While many in Hollywood would encourage you to be like someone else (i.e. Whose career do you see yourself having? Know your type!, etc.) in order to make their job of marketing you easier, what will truly set you apart from the herd is learning to be more authentically yourself.  I would bet that any actor you currently admire is ‘one of a kind’.  So… how do you be ‘more yourself’?  How do you bring something to the table that is uniquely yours?

If you began to look in your head for the answer, you’re already looking in the wrong place.  Our character is not defined by who we think we are, it is defined by what we do… look to your heart.  Michelle Pfeiffer recently said to me that her teacher, Roy London, would ask her “What would you do?  O.K. Now… what would you REALLY do?”  We are most ourselves when we are involved in what we’re doing and not being self-conscious.  We are much more than our minds can define, allow for something bigger than your ideas allow.

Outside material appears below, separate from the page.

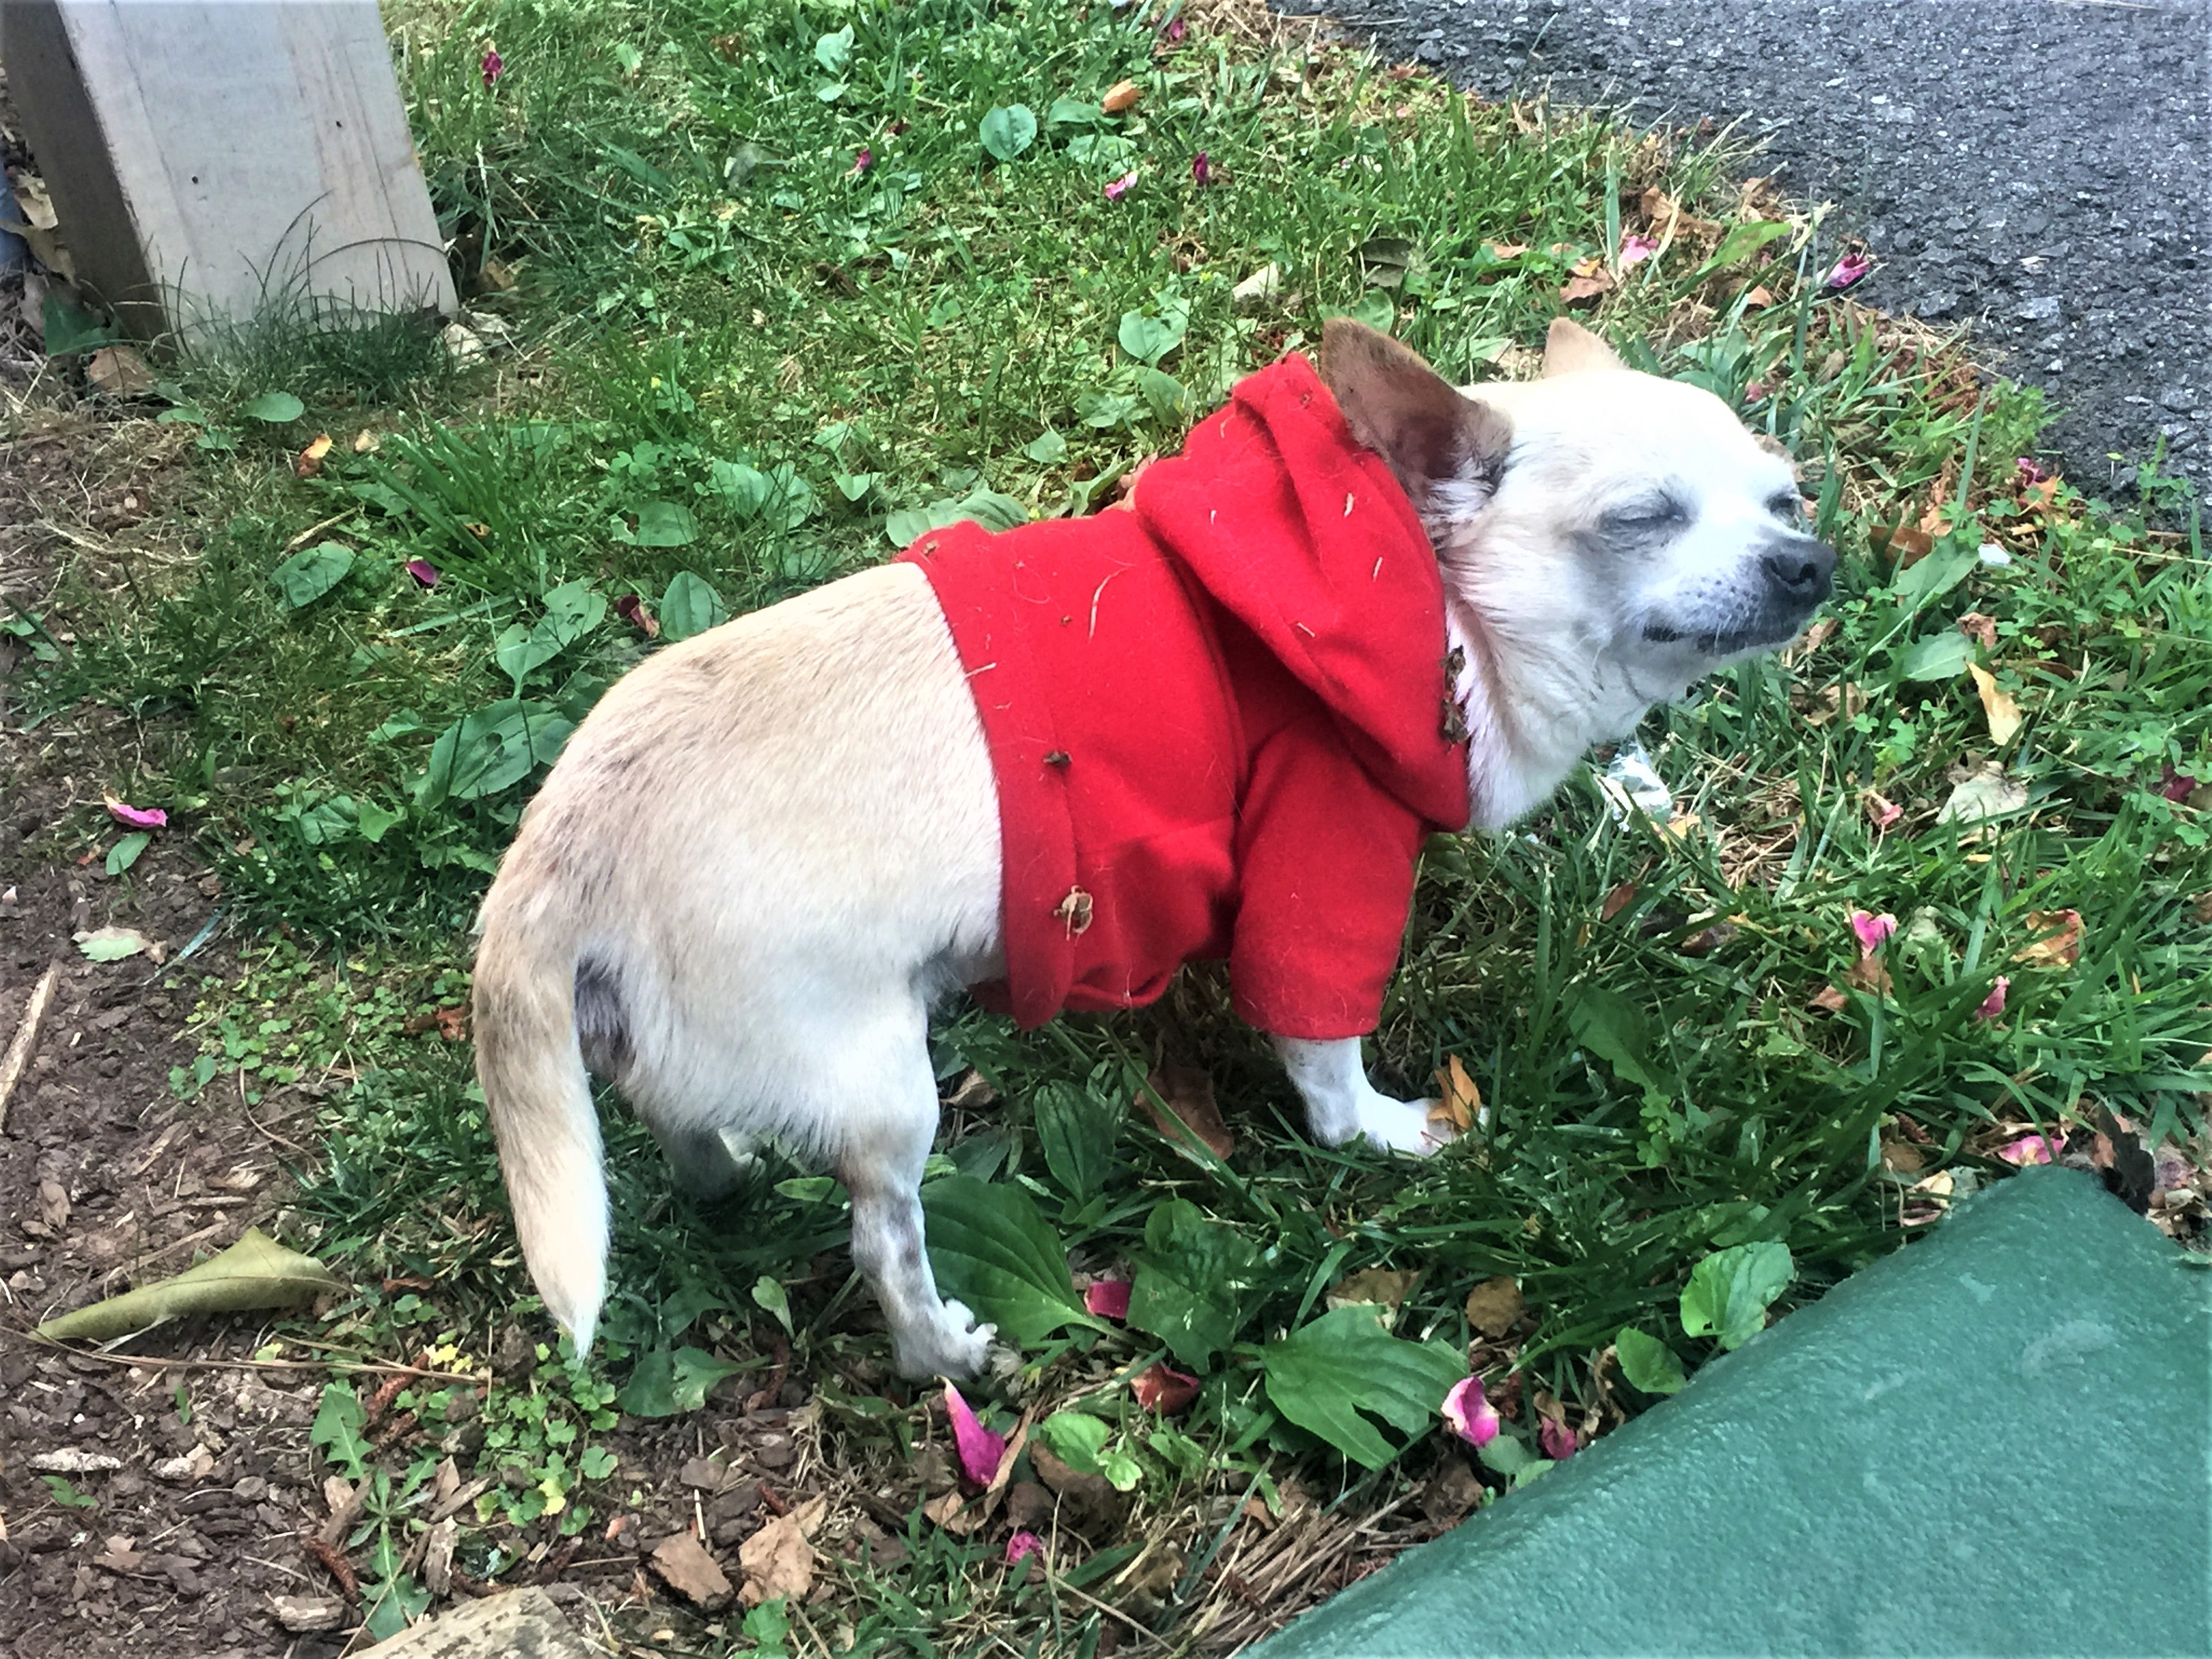 Backpack the Chihuahua in a red hoodie standing in the grass.

Close your eyes and ask yourself “What would it look like, feel like, sound like for me to bring more of myself to the work”?  Open the portal of possibility; allow and surrender and see how your work changes.

If you have a sneaking suspicion that there is more in store for you  – you’re probably correct.  Trust, get out of the way, and release control (except when driving and operating heavy machinery) – then, you will witness the enormity of your greatness!  Now, more than ever, the world needs your voice to be heard.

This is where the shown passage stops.